▶ _WHAT YOU SHOULD DO_:
Check every line of the data and copy the ones where "Image" appears.

Records from a collection:
************

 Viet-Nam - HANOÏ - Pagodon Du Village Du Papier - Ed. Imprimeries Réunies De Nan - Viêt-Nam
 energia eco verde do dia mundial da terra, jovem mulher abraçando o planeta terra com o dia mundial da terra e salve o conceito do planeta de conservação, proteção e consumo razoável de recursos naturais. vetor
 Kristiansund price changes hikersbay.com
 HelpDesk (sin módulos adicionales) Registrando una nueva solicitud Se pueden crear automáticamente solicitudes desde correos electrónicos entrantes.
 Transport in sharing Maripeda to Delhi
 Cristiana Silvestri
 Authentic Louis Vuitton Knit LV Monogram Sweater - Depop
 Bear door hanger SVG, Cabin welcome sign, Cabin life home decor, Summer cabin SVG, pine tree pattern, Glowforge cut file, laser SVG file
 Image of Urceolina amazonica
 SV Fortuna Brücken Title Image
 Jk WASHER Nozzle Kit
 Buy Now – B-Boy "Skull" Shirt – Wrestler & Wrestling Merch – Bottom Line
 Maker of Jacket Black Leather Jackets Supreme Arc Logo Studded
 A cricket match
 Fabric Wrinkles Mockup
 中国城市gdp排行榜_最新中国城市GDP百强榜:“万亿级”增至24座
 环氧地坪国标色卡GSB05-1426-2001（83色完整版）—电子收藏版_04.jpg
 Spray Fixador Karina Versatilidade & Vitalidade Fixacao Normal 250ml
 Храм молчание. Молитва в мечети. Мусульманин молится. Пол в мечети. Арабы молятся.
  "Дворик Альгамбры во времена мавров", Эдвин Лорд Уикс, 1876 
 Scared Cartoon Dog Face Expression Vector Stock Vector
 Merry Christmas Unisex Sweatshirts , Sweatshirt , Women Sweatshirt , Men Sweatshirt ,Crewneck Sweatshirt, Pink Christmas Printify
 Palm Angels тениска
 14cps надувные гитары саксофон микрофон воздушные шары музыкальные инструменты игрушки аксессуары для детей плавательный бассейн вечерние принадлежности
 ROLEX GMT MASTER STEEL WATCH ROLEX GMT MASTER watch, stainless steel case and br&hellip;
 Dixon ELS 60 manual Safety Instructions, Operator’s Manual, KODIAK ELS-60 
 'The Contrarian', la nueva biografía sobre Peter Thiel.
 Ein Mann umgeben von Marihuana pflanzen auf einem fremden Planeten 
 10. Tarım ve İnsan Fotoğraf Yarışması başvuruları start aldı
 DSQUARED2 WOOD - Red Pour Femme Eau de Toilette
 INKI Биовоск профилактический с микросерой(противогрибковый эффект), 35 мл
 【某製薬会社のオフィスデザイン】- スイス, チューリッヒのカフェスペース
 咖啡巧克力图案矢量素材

************

▶ _SOLUTION TO THE PROBLEM_:
 Image of Urceolina amazonica
 SV Fortuna Brücken Title Image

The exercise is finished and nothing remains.